Ethics & Public Policy Center

Lost in Space

Published in EPPC Online on April 1, 1998



Lost in Space, directed by Stephen Hopkins, is just too silly for words. In yet another cinematic updating of a long-forgotten TV series, William Hurt plays Professor John Robinson, a scientist who has been chosen to emigrate with his family to the planet Alpha Prime, which is ten years in a fast spaceship away, but which offers what may be the universe’s only chance for mankind to plant an extraterrestrial colony which will preserve human life after the earth becomes uninhabitable two decades hence (it is 2028). That “earth’s resources are limited” we all know, but although schoolchildren are told that recycling will make everything, the truth is that “recycling came too late.” Robinson has invented a method of traveling in hyperspace which will cut years off the journey, but he has to install “gates” in hyperspace or anyone traveling there could end up anywhere in the galaxy. He and the family will be cryogenically frozen in “suspended animation” on the outward journey.

He is a workaholic and neglects his bratty and resentful kids. He misses a science fair where his ten year old son, Will (Jack Johnson) wins first prize again—with “that crazy idea he’s got about a time machine.” Bratty daughter Penny (Lacey Chabert) sounds as if she is breathing helium. Oldest daughter, Judy (Heather Graham) is brainbox doctor. Mom Maureen (Mimi Rogers) is also a scientist of some kind. But Will is obviously the genius in the family. A spy representing “The Global Sedition,” a terrorist gang whose aims are completely obscure, kills the Robinsons’ selected space pilot, and they have to draft in a space fighter pilot called Don West (Matt LeBlanc). Major West resents his duty with the autopiloted Robinson ship and calls it baby-sitting. “Eight years of flight training, fifty combat missions, just so I can take the family camper on an interstellar picnic,” but Dr Smith (Gary Oldman) a stowaway from TGS is on board. . .
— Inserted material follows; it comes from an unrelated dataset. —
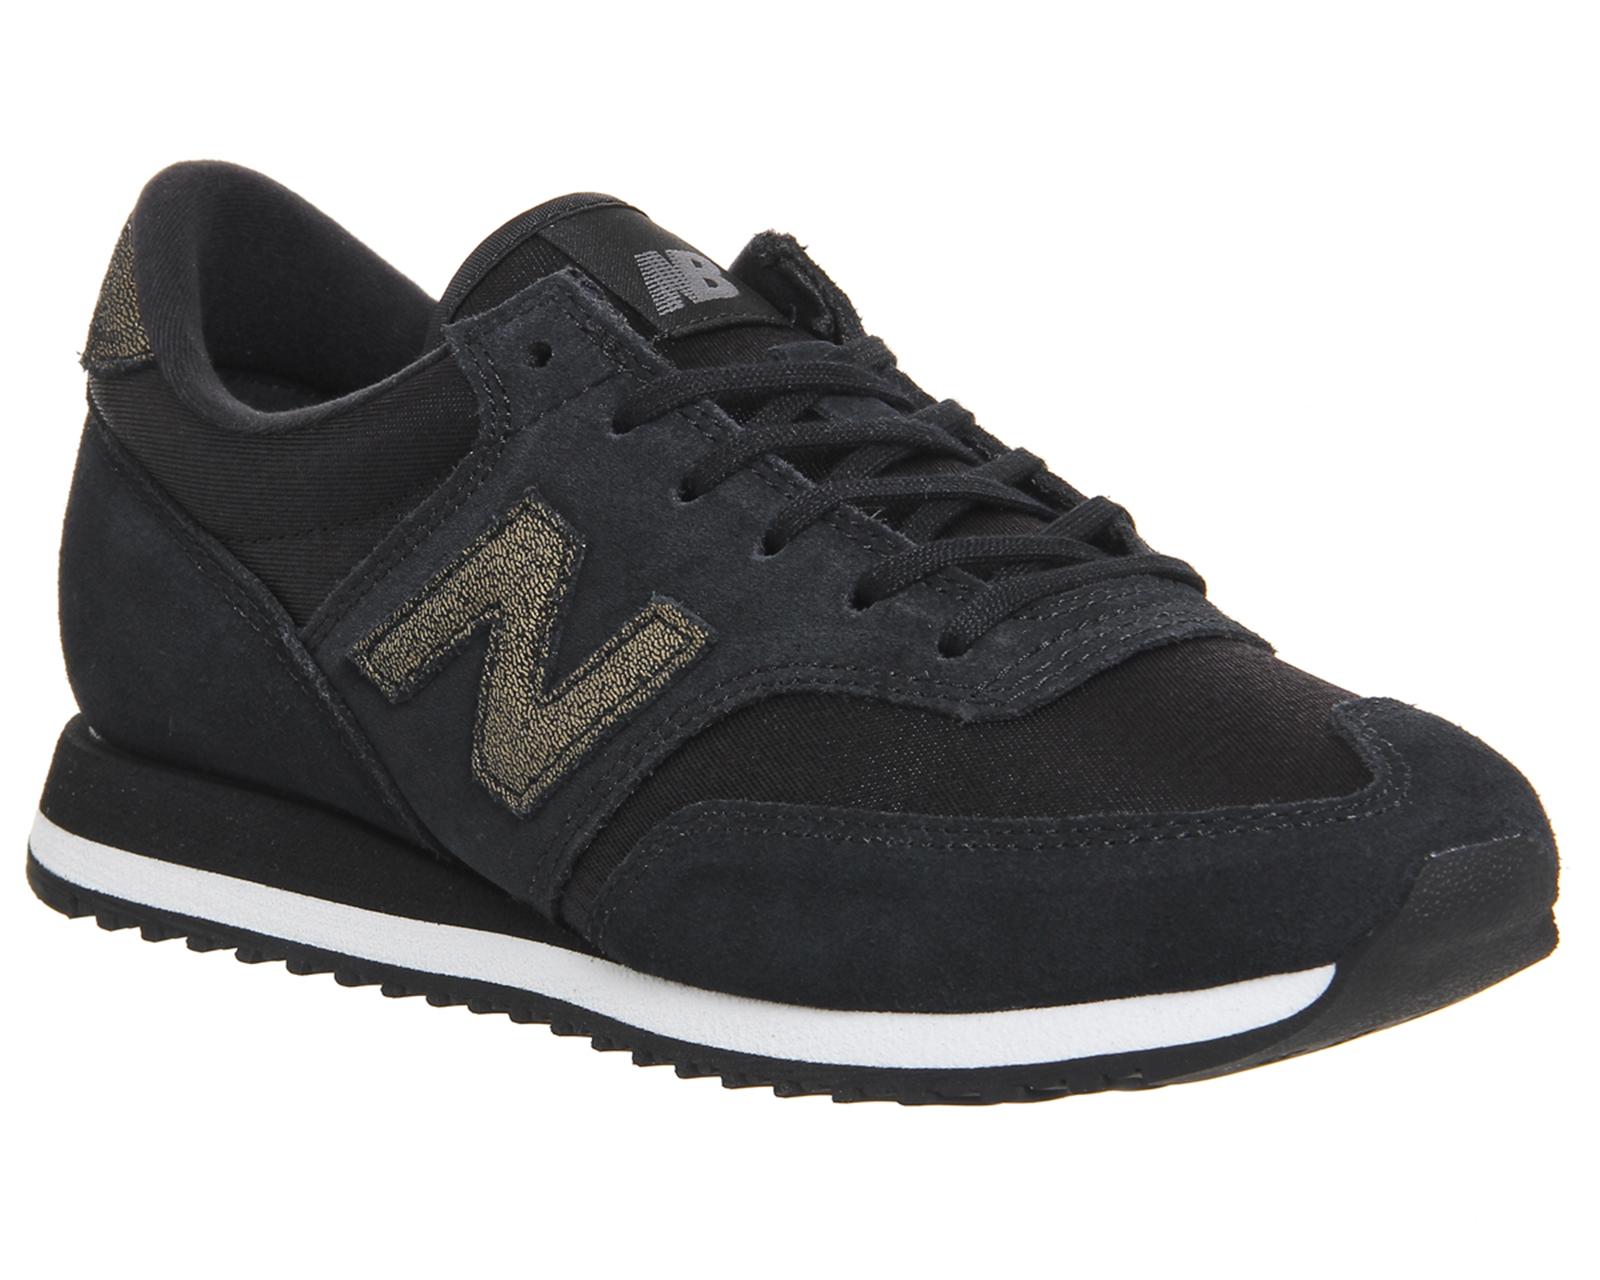 New Balance 620 zapatos
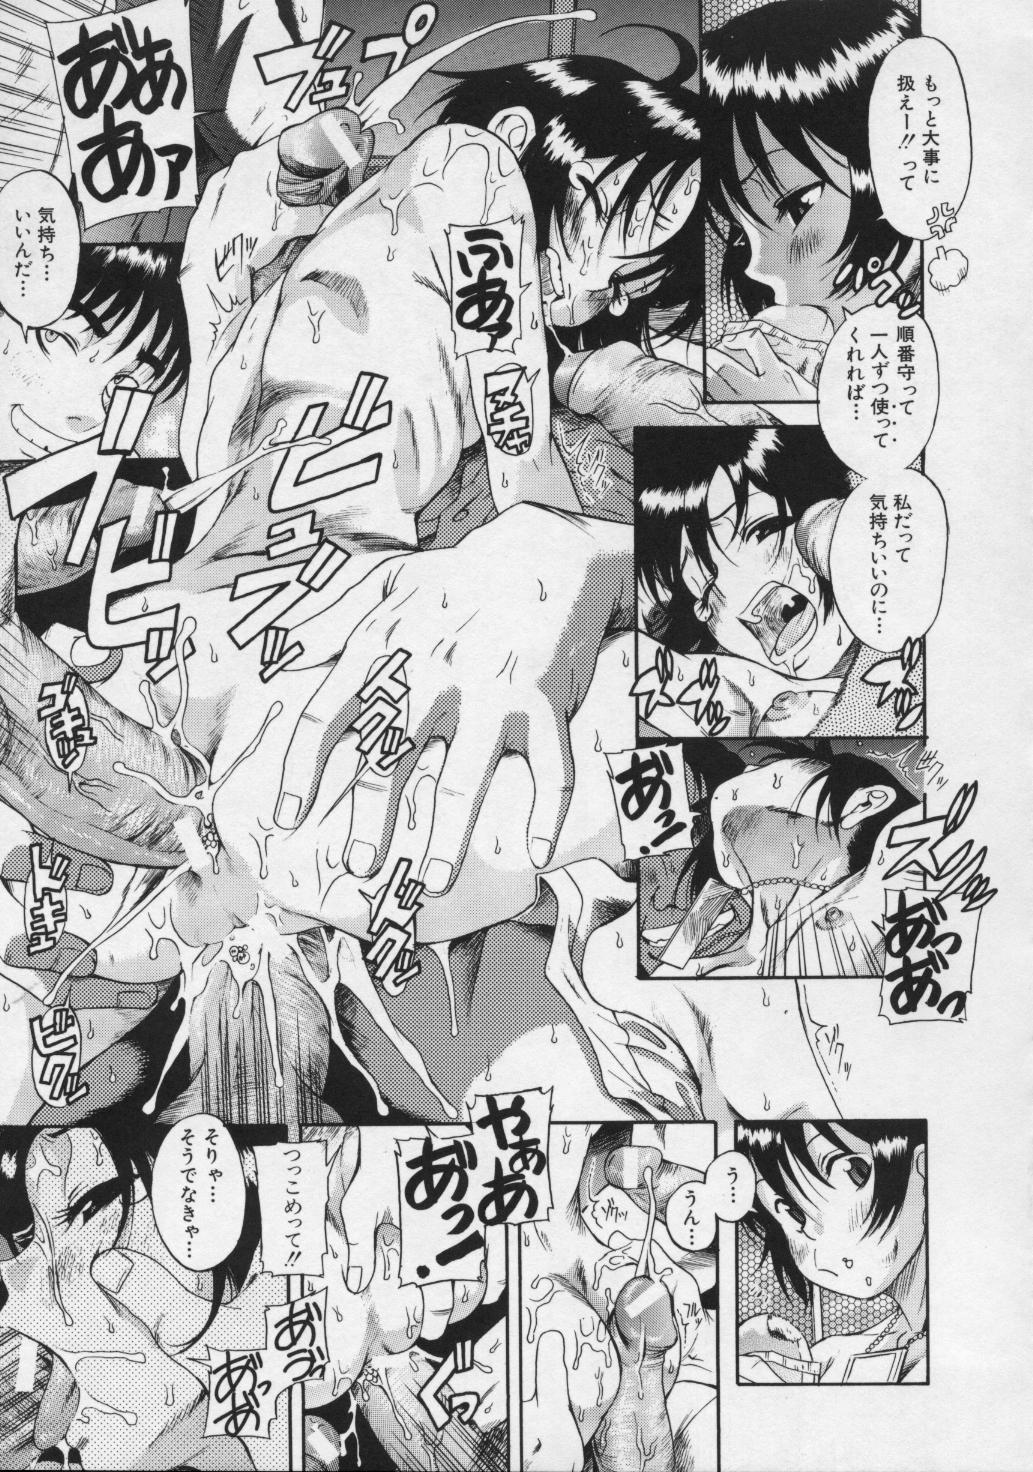 Kimi no Na o Yobeba - If I call your name. 52

Verbal sparring between the comely Judy and Major West, who is cocky and self-assured and regularly disobeys the orders of his superiors, hint at what is to come. So does Will’s science project and the fact that only he among these highly educated adult technophiles knows how to tame the robot which, having been surreptitiously re-programmed, has run amok. “Destroy Jupiter 2! Destroy Robinson family!” it says in its machine voice, and Will stops it by saying “Stop!” Nobody else seems to have thought of that. It’s easy being a genius when you know how. When the robot rampage is halted, the family discover Smith and take him prisoner. What to do with this evil killer with whom they find themselves closeted millions of miles from home? “ Smith could still hurt us,” says Dad. “Maybe we shouldn’t let him live.” But wise and good Maureen the moralist gently asks: “How can we bring civilization to the stars if we can’t stay civilized?”

Only in the movies, folks, could such foolhardy cant be intended to look not only remotely plausible but also like moral profundity. Nor is Maureen finished teaching her prim little lessons to the less advanced men on board. When Major West and Professor Robinson are having a heated argument about which of them is in command, Maureen appears and scolds them. “Here we are stranded on an alien world and you two guys get into a pissing contest?” She reproves them for being typical men and tells them if they don’t cut it out she will have them both arrested by her daughter the doctor and she will take over command. Now, “if you two have finished hosing down the decks with testosterone,” she says firmly, they can get to work to do something useful. Major West whispers, “Wow!”

“Tell me about it,” murmurs Robinson so she can’t hear.

Funny, isn’t it? You travel millions of miles through interstellar space only to find that the little woman’s still got you by the short and curlies. As Major West says to Judy, a workaholic like her father, “If there’s no time for fun, doc, then what are we saving the planet for?”